Last30Days is a recency-focused research skill that searches recent public discussion and engagement signals across several platforms, then synthesizes a brief with citations. Its broad connector surface makes source availability and credential review central to safe use.
Key takeaways
- The SKILL.md lists Reddit, X, YouTube, TikTok, Hacker News, Polymarket, GitHub and web research among its sources.
- Some sources work without configuration, while others use optional API keys, tokens or browser cookies.
- Engagement is an attention signal, not proof that a claim is true.
What does Last30Days do?
The skill combines platform-specific search, date filtering, engagement scoring, clustering and synthesis. Its metadata lists many optional environment variables, including service API keys and social-platform credentials. The README says Reddit, Hacker News, Polymarket and GitHub can work immediately, while a setup flow enables more sources.
How does the workflow work?
- Define the topic and an exact recency window.
- Run source health checks and enable only the platforms needed for the question.
- Collect posts, transcripts, repository activity and web sources with dates and links.
- Separate what people are discussing from what authoritative evidence confirms, then synthesize the brief.
The exact result still depends on the model, the files available in the working environment, and the permissions granted to that environment.
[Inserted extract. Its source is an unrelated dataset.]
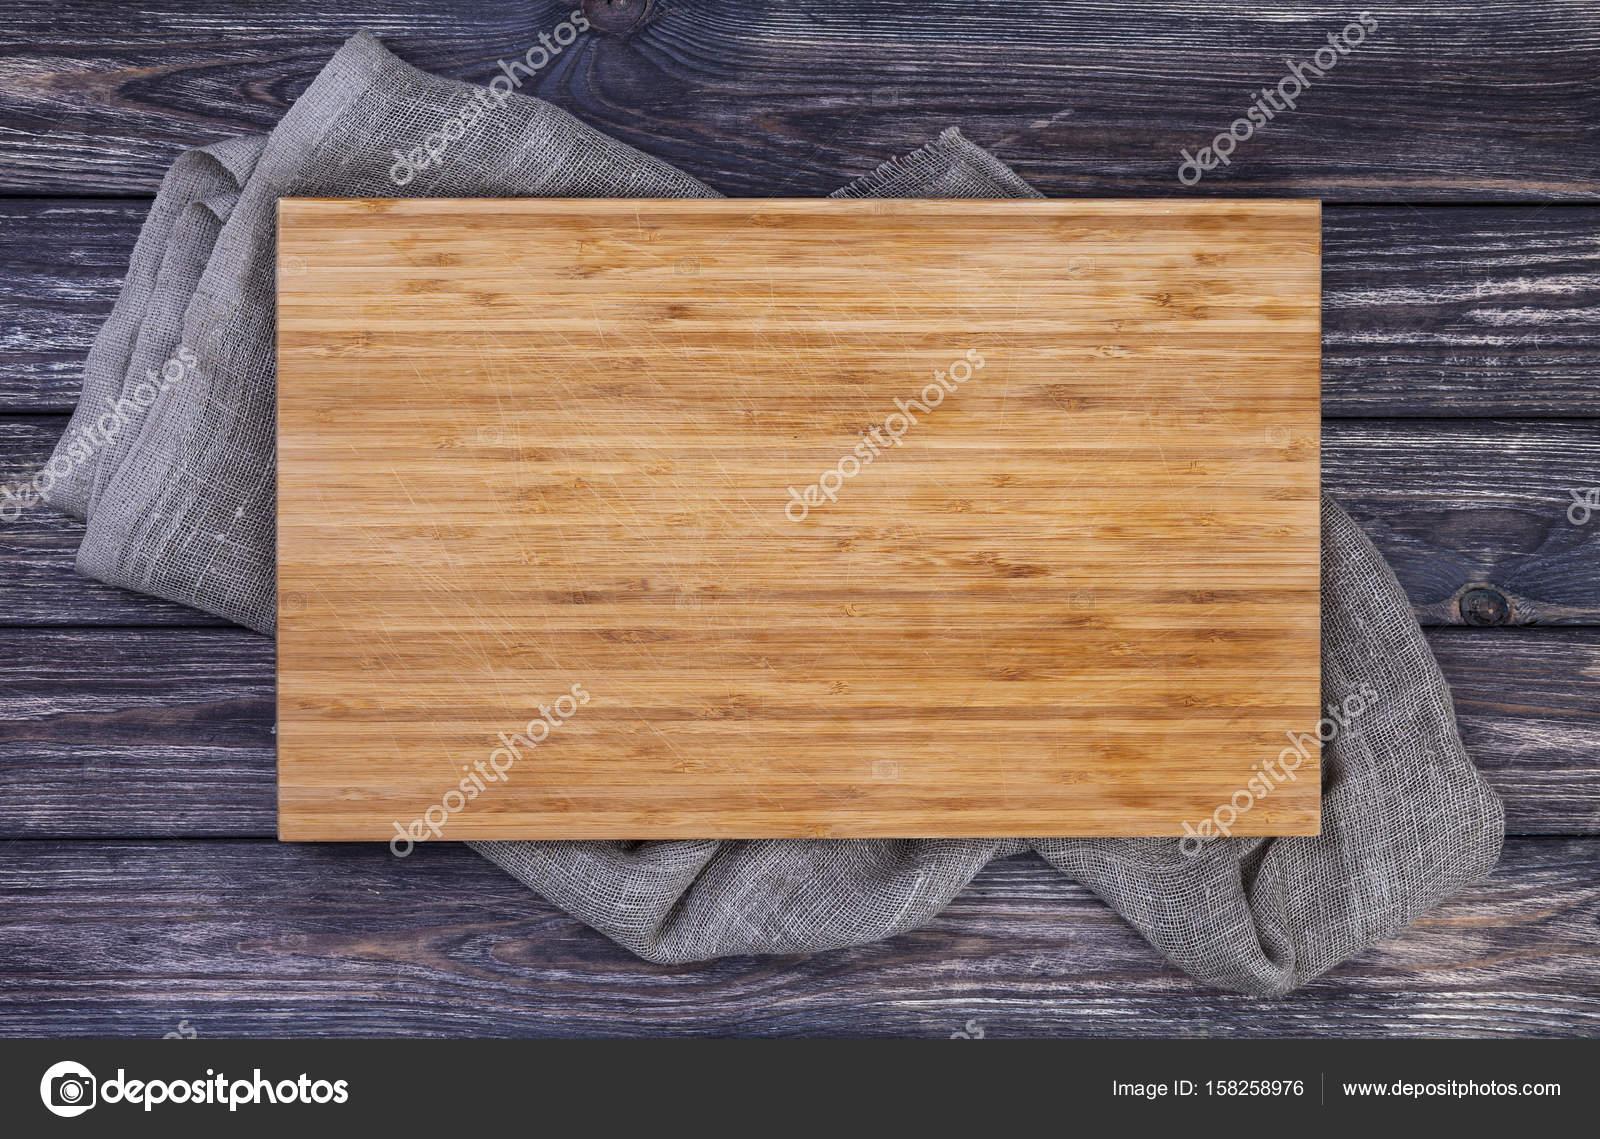 Lade serveren over oude houten tafel bord snijden op donkere

This page documents the repository instructions; Anavem did not run an end-to-end benchmark of the skill.
What does a useful first task look like?
Research a tightly defined topic over a dated 30-day window using only the sources needed for the question. Require links, publication dates and a separate section for primary-source confirmation. Treat repeated social claims as a discussion cluster until an authoritative source verifies them.
How can you verify the result?
- Open a sample of citations and confirm date, author and claim context.
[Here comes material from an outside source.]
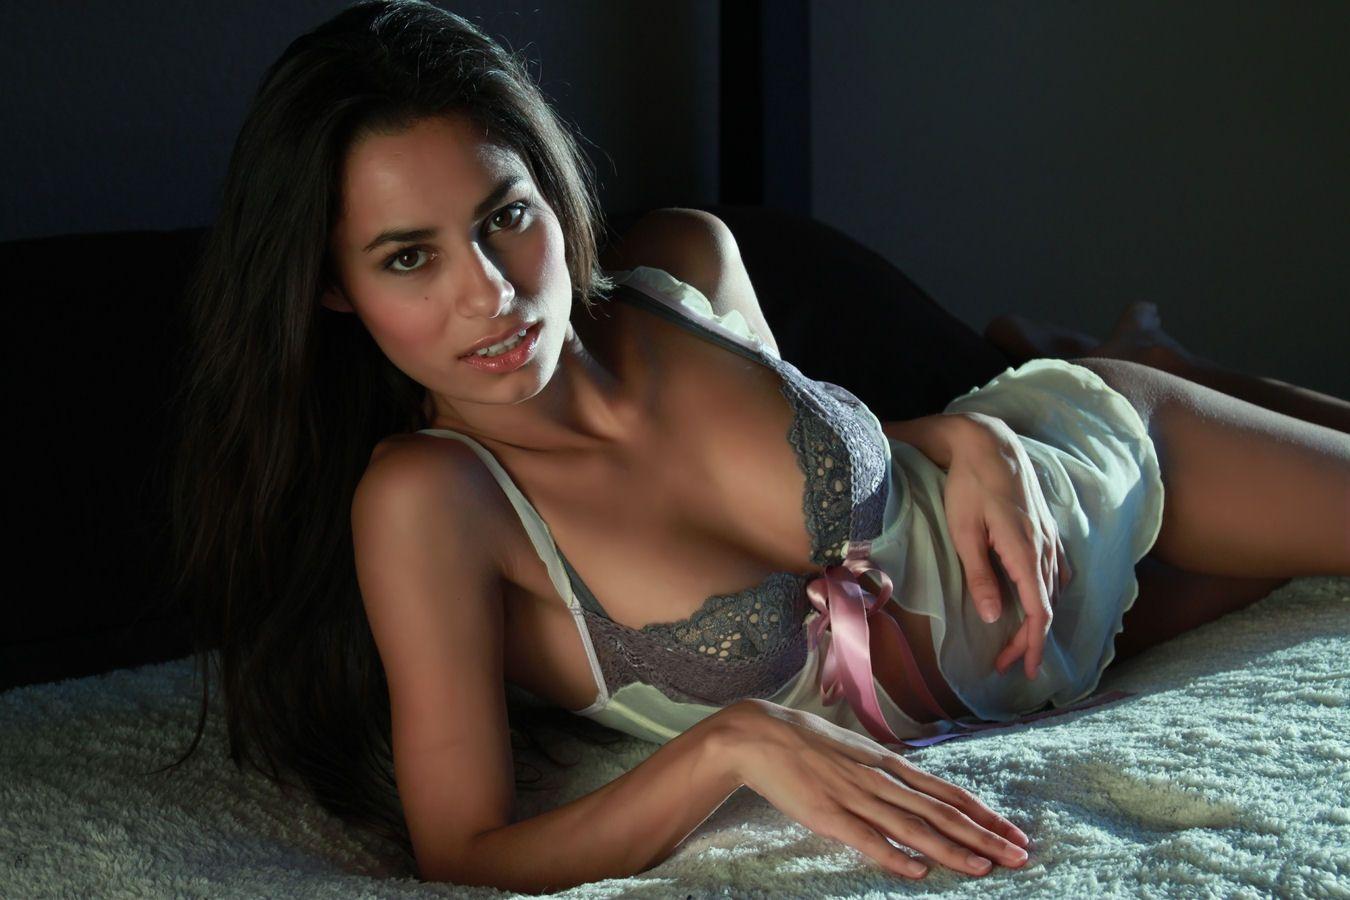 Cheyenne gordon porn

- Separate discussion volume from verified fact and authoritative confirmation.
- Record unavailable or rate-limited sources instead of silently treating them as empty.
A successful run should produce an output you can inspect independently. If the result cannot be checked against a file, rendered artifact, source reference or explicit acceptance criterion, narrow the task before relying on it.
When is it a good fit?
- Finding current community language, objections and emerging themes.
- Comparing recent discussion across several public platforms.
- Creating a sourced briefing that preserves links and publication dates.
Choose it when those tasks match the documented scope. A popular repository is not evidence that a skill is appropriate for confidential or production data.
What should you review before installing it?
- Every optional token, cookie and API key requested by the chosen connectors.
- Platform terms, scraping limits and whether authentication data is stored locally.
- The distinction between popularity, sentiment, market odds and verified fact.
Read the current SKILL.md and every bundled script before installation. Pin a reviewed commit when repeatability matters, then test with non-sensitive data and the narrowest available permissions.
When is it not the right choice?
- Using social engagement as factual confirmation.
- Collecting private or restricted data without authorization.
- Research where an official primary source is required but not consulted.
Why is it included in this research set?
GitHub’s API reported 63,449 stars and 5,529 forks for mvanhorn/last30days-skill on 2026-10-03. The public Agent Skills trend index placed it in the top ten and recorded 662 stars added over seven days.
GitHub stars and short-term growth are discovery signals, not quality scores. They do not prove security, correctness, maintained compatibility, or individual-skill usage.